Tuesday, May 11, 2010

At the council table - May 10, 2010

On the council agenda last night:
Official Plan Review.
• Boyne Survey Secondary Plan.
• Intensification Study
• Staff and council salary increase

Official Plan
will go to council June 14 for ratification and forwarding on to the Region for approval. However, they can do nothing with it until such as the province approves the Region’s Official Plan Amendment (ROPA 38). So, until that time we live with our current existing plan.

Boyne Survey draft secondary plan, basically still a concept plan, was approved. This will bring a further 50,000 people to Milton. This plan has been in our future for 10 years now. Still to come: financial reports, staging/phasing arrangements, sub-watershed reports, etc., before a shovel ever goes in the ground – expected in spring of 2013 – providing there are no OMB appeals to hold things up.

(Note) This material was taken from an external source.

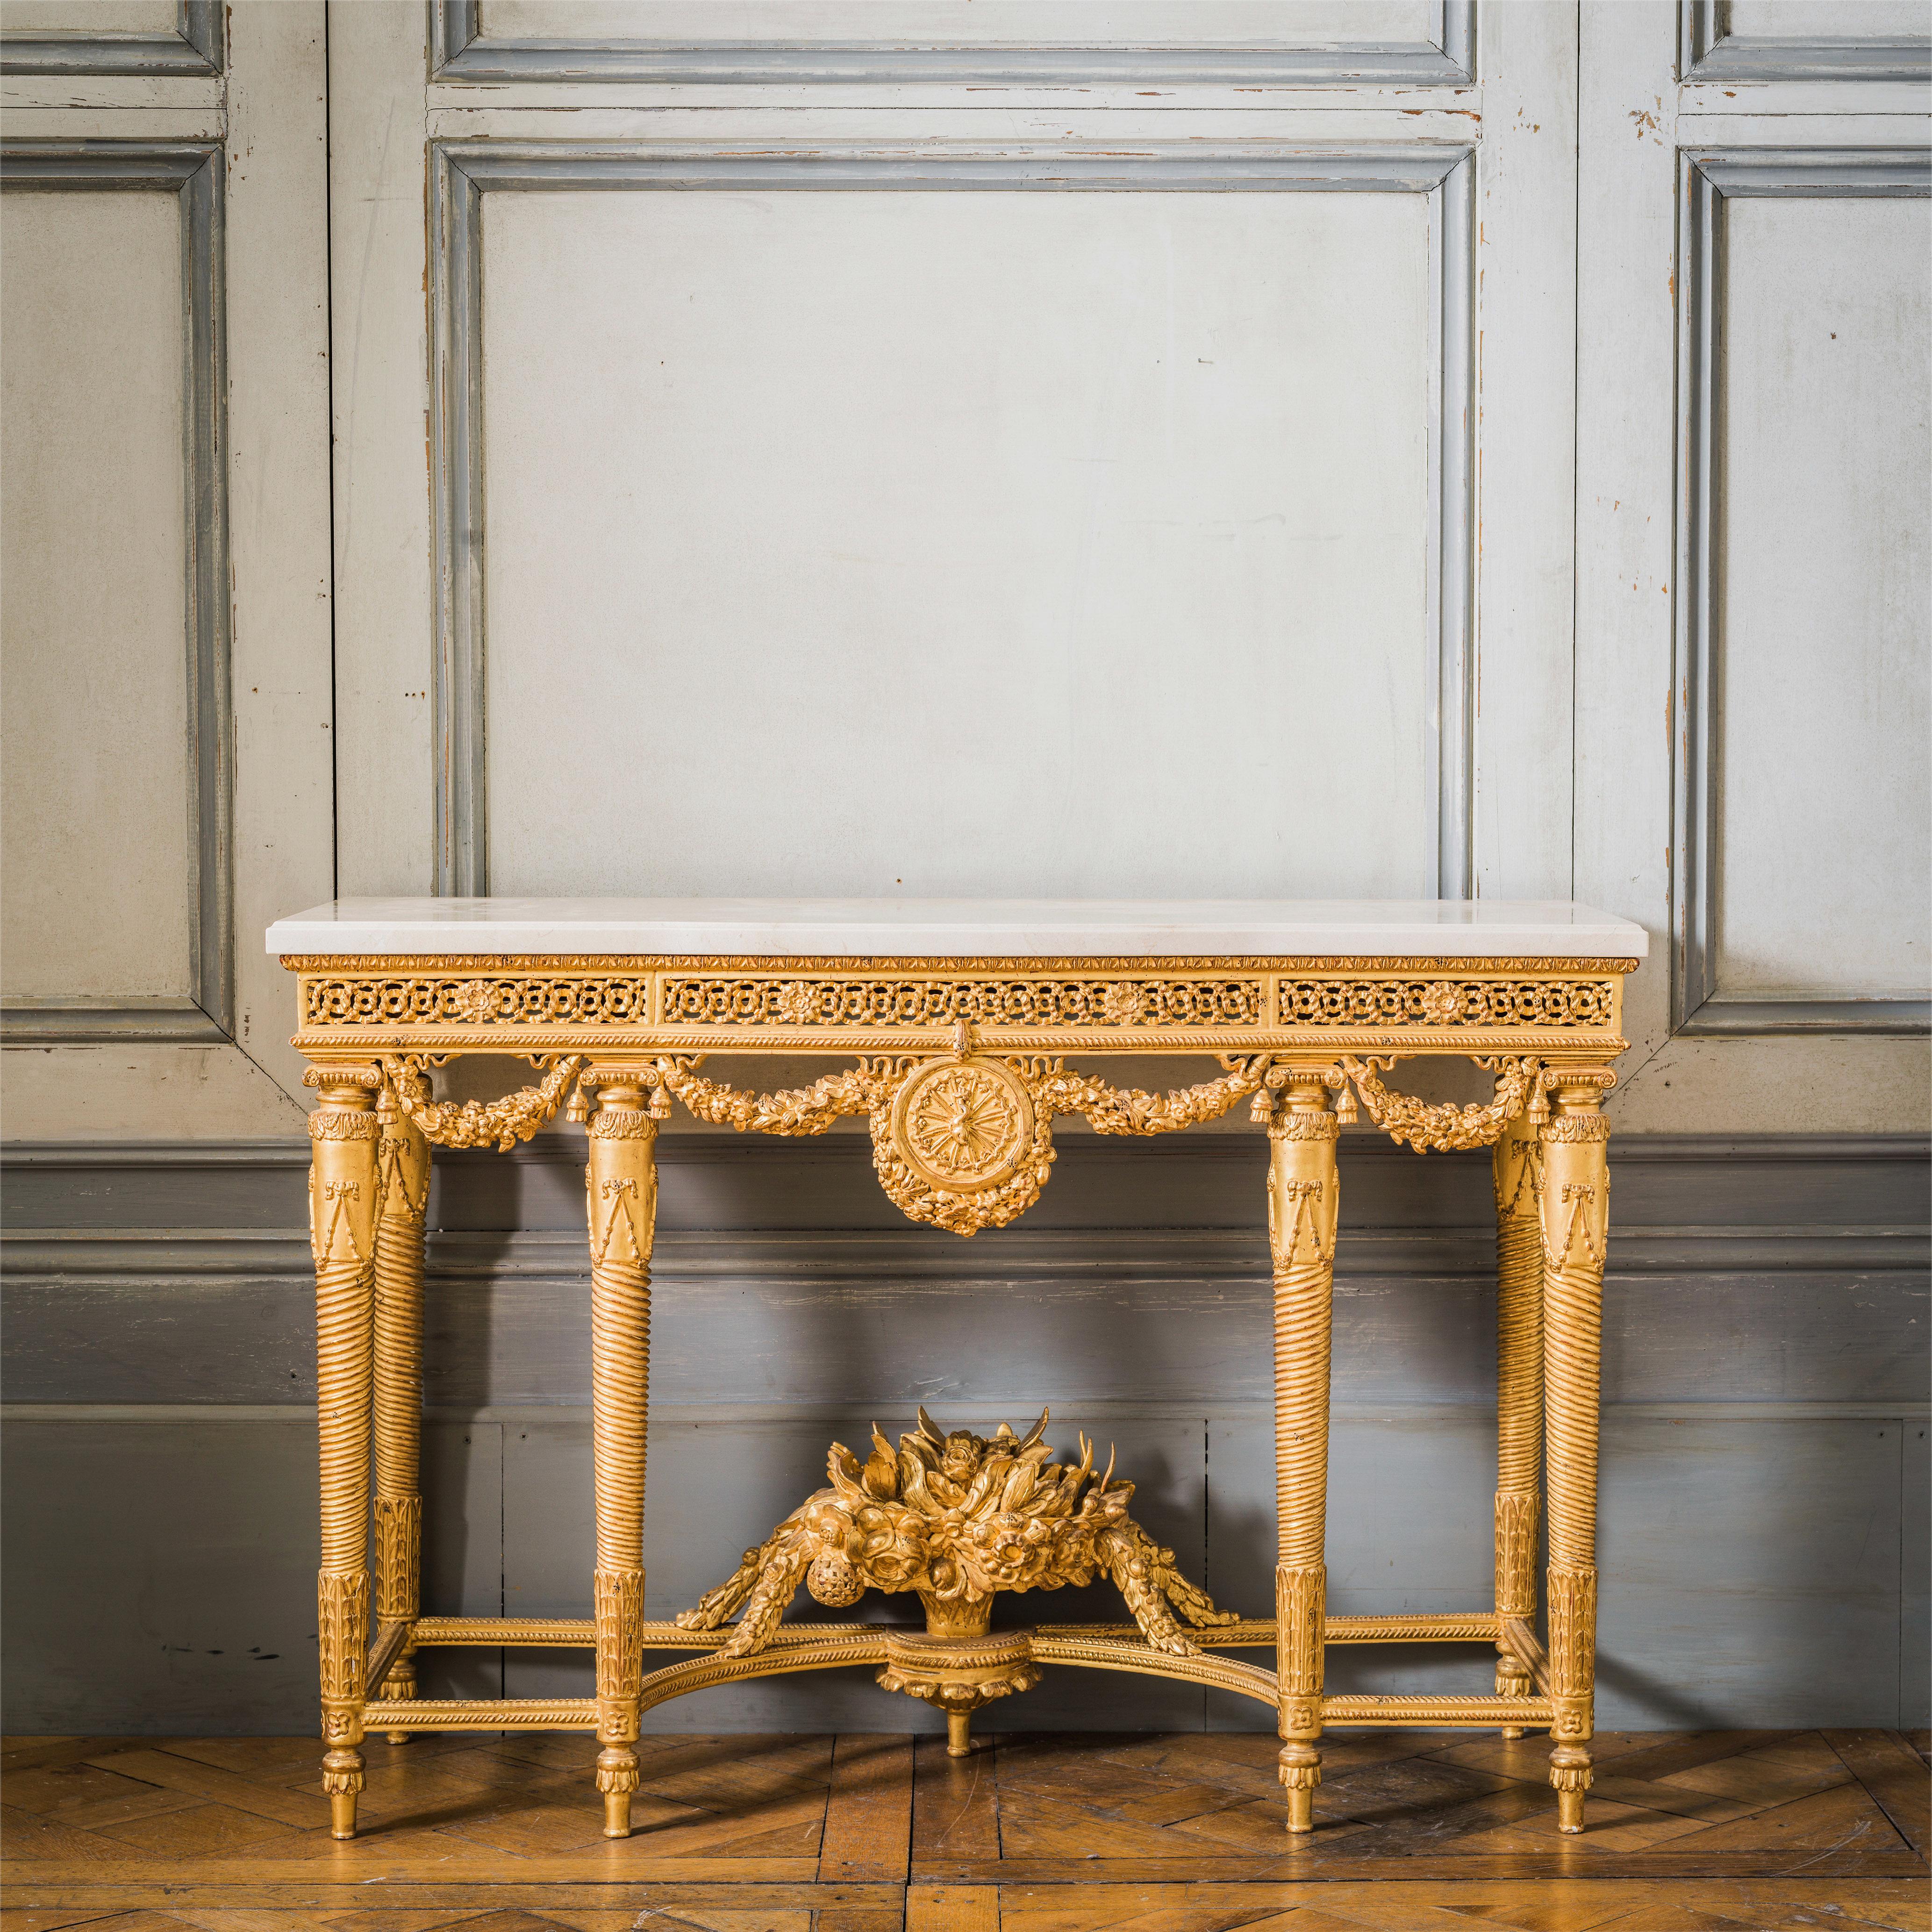 Consoles en bois doré de style Louis XVI : Réalisées par des maîtres artisans, élégamment sculptées et finies à la main dans une patine dorée à l'eau à la feuille d'or 23,75 carats. Dessus en marbre Crema Marfil biseauté de 30 mm.
Nous en avons 2

Intensification Study follow-up report provided more detail on a number of issues. The addition of public art in the public realm; Urban Design Guidelines; density and height bonusing; pre-zoning (the ability to do so, so newcomers will know what is in store on neighbouring properties); height of new buildings on the north side of Main Street (near Thompson) and the stepping back of multi-storey buildings from the street to create a better relationship between one-two storey buildings across the road.

The Staff and Salary increase report proposed a 2% across the board for non-unionized employees and council. For councillors it amounted to $43.33 per month. Milton council is the lowest paid in the GTA .

There are some who say council shouldn’t vote for it’s own pay increase but as I’ve said before, under the municipal act council is responsible for every single action of the town. There is no one else who can vote for a councillor increase except the voter at election time.

As to employees, reviews are annual, and with an across the board increase of 2% it’s barely covering the cost of living increase. Town employees are not unionized and if we let them slip compared to other towns/cities, we stand to lose the ground we have. Our employees are well-trained and well regarded by other municipalities. I had no problem supporting the 2% increase. There are two unions at the town – IBEW (2.5% increase effective March) and Fire (3%, also effective March), I think it makes little sense to withhold an increase to the rest of Milton’s permanent and part time employees.

back to council increases – there was a public group assigned a number of years ago to address council pay because council dragged so far behind other comparable municipalities. It was out of that committee that was the current format of increases geared to town staff annual increase came to be.
In an election year, you can expect anything to happen. And it does. And it did.

We met from 6:30pm yesterday and I got home at 11:30. We covered a lot of ground.